Can't register backend after upgrading to 0.9.0
bhayete-empress opened this issue · 3 comments
when I run
register_dopar_cmq(
n_jobs = parallelJobs,
fail_on_error = FALSE,
verbose = TRUE,
log_worker = TRUE,
timeout = self$timeout,
# how long to wait on MQ side
template = list(
timeout = self$timeout,
# how long to wait on SLURM side
memory = self$memReq,
# the amount of memory per node
partition = self$partition,
# the slurm partition to use
cores = self$nCores,
# how many cores to use per job
r_path = r_path, # set the R path for parallel jobs
max_calls_worker = 1
)
)
I get the following error:
Error in fill_template(private$template, opts, required = c("master", :
Template values required but not provided: partition, timeout, r_path
All of these values are set and were not giving any problems before the upgrade. The upgrade was done because the older version didn't support max_calls_worker (bug 110, which I also ran into). Now it doesn't even register the backend. Even if I keep max_calls_worker at default in the template file, I still get this error, i.e., I can no longer run clustermq. I've made no changes other than adding max_calls_worker to the template file and the template argument of register_dopar_cmq, and upgrading the package using github to 0.9.0. What might be going on?

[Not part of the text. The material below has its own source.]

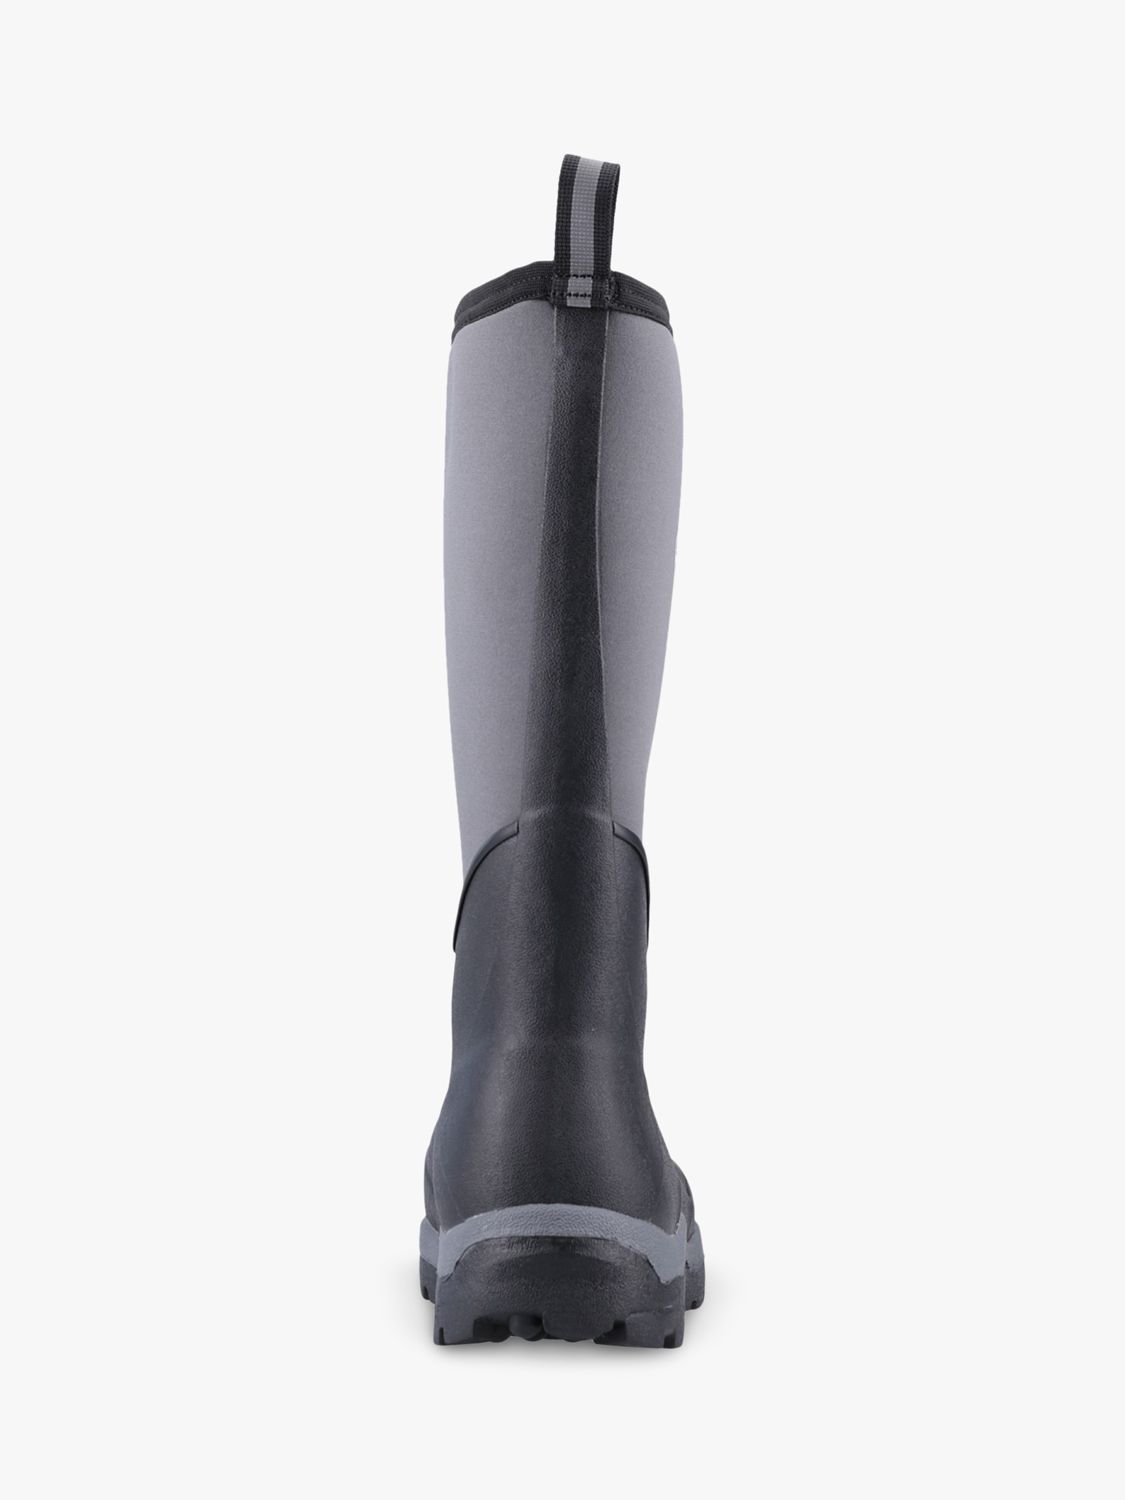 Muck Calder Tall Waterproof Wellington Boots, Black, 14

For reference, my template file looks like this:
#!/bin/bash
#SBATCH --job-name={{ job_name }}
#SBATCH --output={{ log_file | /dev/null }}
#SBATCH --error={{ log_file | /dev/null }}
#SBATCH --mem-per-cpu={{ memory | 15000 }}
#SBATCH --partition={{ partition }} #intentionally no default - be cognizant of where you are running!
#SBATCH --array=1-{{ n_jobs }}
#SBATCH --cpus-per-task={{ cores | 1 }}
#SBATCH --time={{ timeout }}
#SBATCH --max_calls_worker={{ max_calls_worker | 1 }} #refresh to avoid stalls, as in https://github.com/mschubert/clustermq/issues/110
##SBATCH --log_file="/path/to.file.%a"
CMQ_AUTH={{ auth }} {{ r_path }} --no-save --no-restore -e 'clustermq:::worker("{{ master }}")'
Here's a fully-reproducible example using the same template file as above:
library(clustermq)
library(foreach)
options(
clustermq.scheduler = "SLURM",
clustermq.template = '/fsx/home/bhayete/Projects/scPipeline/inst/templates/slurmMq.tmpl',
clustermq.data.warning = 5000 # megabytes
)
r_path <- file.path(R.home("bin"), "R")
# set R to the binary path in R.home()
register_dopar_cmq(
n_jobs = 5,
fail_on_error = FALSE,
verbose = TRUE,
log_worker = TRUE,
# how long to wait on MQ side
template = list(
partition = 'compute-spot', # the slurm partition to use
timeout = 100,
memory = 100,
cores = 1, # how many cores to use per job
r_path = r_path, # set the R path for parallel jobs
max_calls_worker = 1
)
)
results <- foreach( i = 1:100,
.packages = c((.packages())),
.export = c(ls())
) %dopar% {
return(rnorm(1))
}
)
I was able to further simplify my sample code. The issue seems to be that the template argument to register_dopar_cmq and hence to the Q function is not parsed and passed onwards.
library(foreach)
library(clustermq)
options(
clustermq.scheduler = "SLURM",
clustermq.template = '/fsx/home/bhayete/Projects/scPipeline/inst/templates/slurmMq.2.tmpl',
clustermq.data.warning = 5000 # megabytes
)
clustermq::register_dopar_cmq(n_jobs=2, memory=1024,
template = list(
timeout = 100
)) # this accepts same arguments as `Q`
x = foreach(i=1:300) %dopar% sqrt(i) # this will be executed as jobs
gives the error
> x = foreach(i=1:300) %dopar% sqrt(i) # this will be executed as jobs
Error in fill_template(private$template, opts, required = c("master", :
Template values required but not provided: timeout, r_path
Filling template values
This was caused by the workers
function not passing the template
argument to Pool$add
. It is now fixed in the current git version (see linked commits)
Using max_calls_worker
(--> see #322)
max_calls_worker
For reference, my template file looks like this:
#SBATCH --max_calls_worker={{ max_calls_worker | 1 }}
max_calls_worker
should be an argument to Q
, not a template argument (this is handled by the clustermq
package, Slurm does not know anything about workers and their calls)
The following should work, but is broken with the current CRAN and git version:
table(unlist(clustermq::Q(function(x) { Sys.sleep(x==1); Sys.getpid() }, x=1:4, n_jobs=2)))
# workers do 1 and 3 tasks, respectively
table(unlist(clustermq::Q(function(x) { Sys.sleep(x==1); Sys.getpid() }, x=1:4, n_jobs=2, max_calls_worker=2)))
# both workers should do 2 tasks: >> BROKEN ON 0.9.0